CHAPTER IV.
Superstitious Notions.—Abolition of Duelling.—Interference of Providence.—Challenge to the Ordeal.—The Trial.—Conviction of the Offender.—Uncertainty of the Ordeal.—Ineffectual Prohibition.—Check against Slander.—Exclusion from Society.—Absurd Alternative.—Personal Courage.—Imputation of Cowardice.—Public Opinion.—War between Nations.—Challenges.—Fear of Disgrace.
Mr. Adamson afterwards proceeded to relate the circumstances connected with the cavern. Many superstitious notions, it seems, and much tendency to give credit to tales of supernatural mystery had been brought from Europe by several of the original settlers, trained as they had been in the then prevailing credulity, and many of them tinctured with fanaticism. It is not to be wondered therefore, that, ignorant as they were of physical phenomena, several should have given more or less credit to the reports of the natives respecting evil demons dwelling in these caverns; the dangerous nature of themhaving been proved in some instances by fatal experience.
The employment of one of them for the purpose of an ordeal originated long after. “It ought in the first place to be acknowledged,” said Mr.
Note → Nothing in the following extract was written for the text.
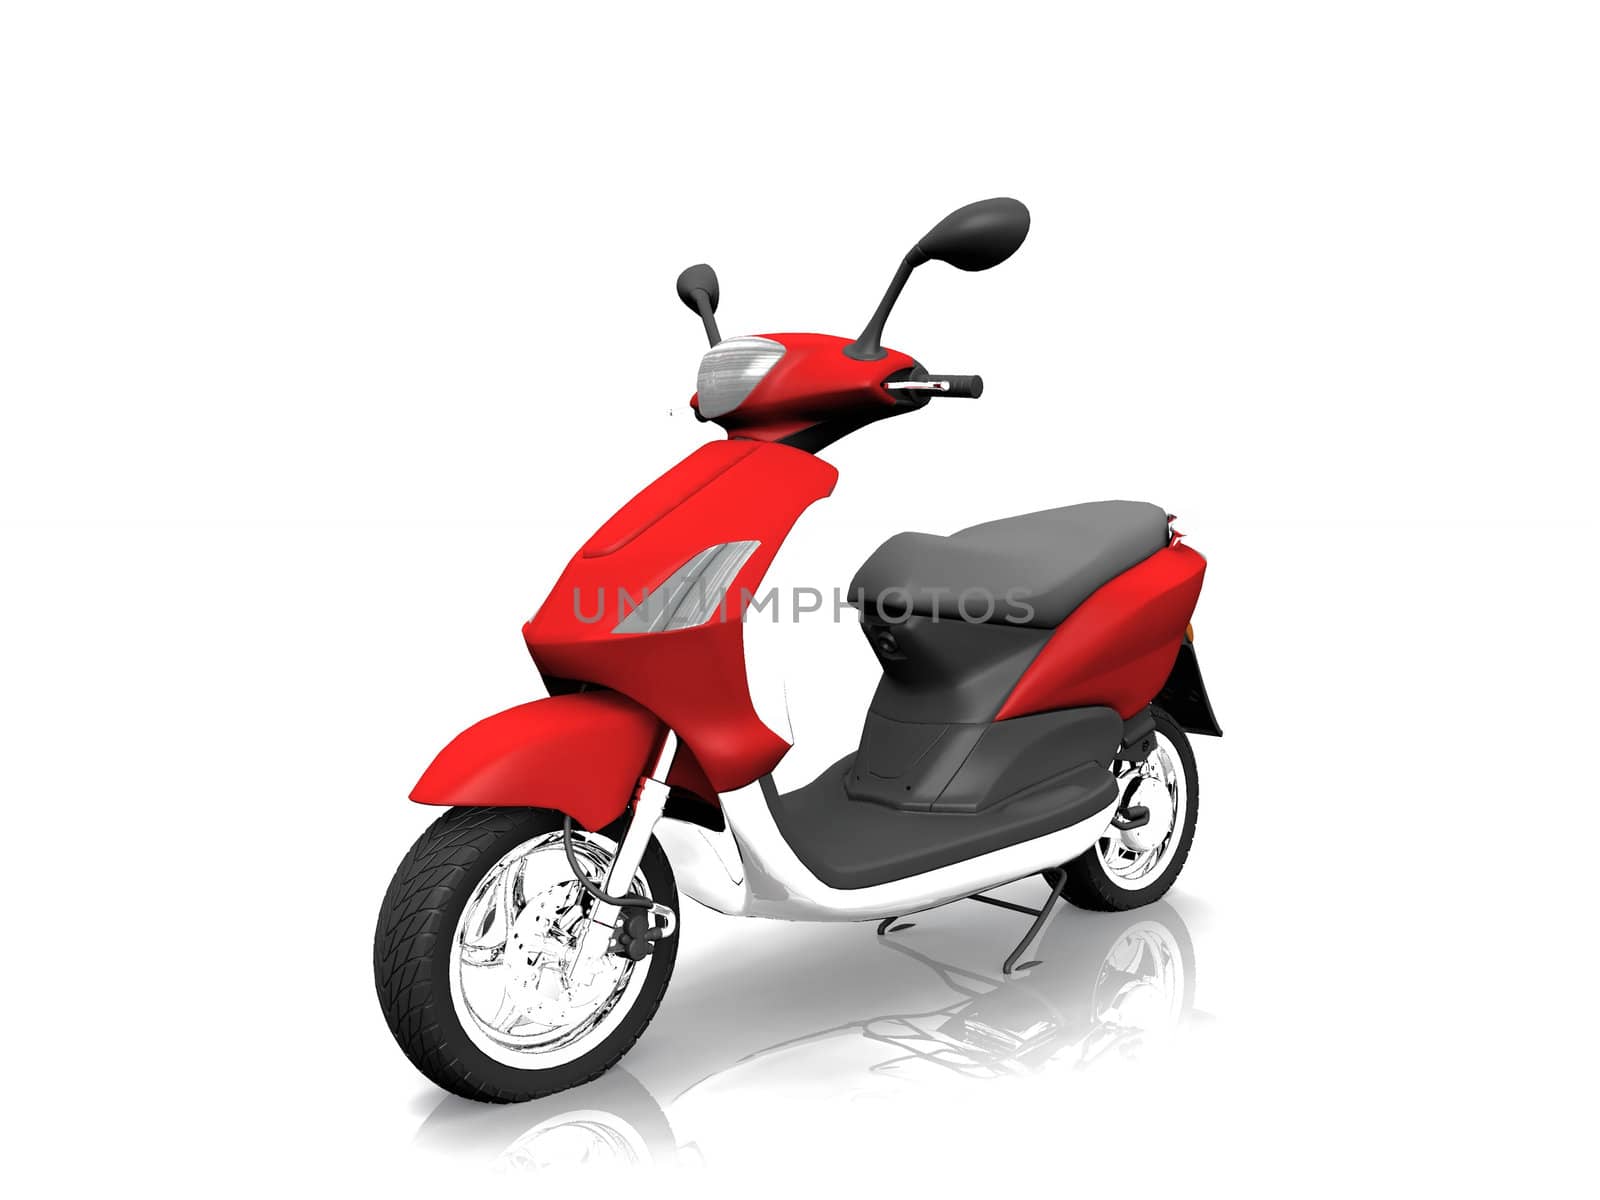 the motorcycle on a white background

Adamson, “that the barbarian institution of duels did exist among us, though now long since exploded.”
They were not of common occurrence; but he added that his father distinctly remembered as a boy the final abolition of the practice, in the manner about to be related. The duel was regarded—and such is well known to have been its original design—as a kind of ordeal, as a solemn appeal to Heaven, which it was supposed would not fail to interfere in support of the rightful combatant.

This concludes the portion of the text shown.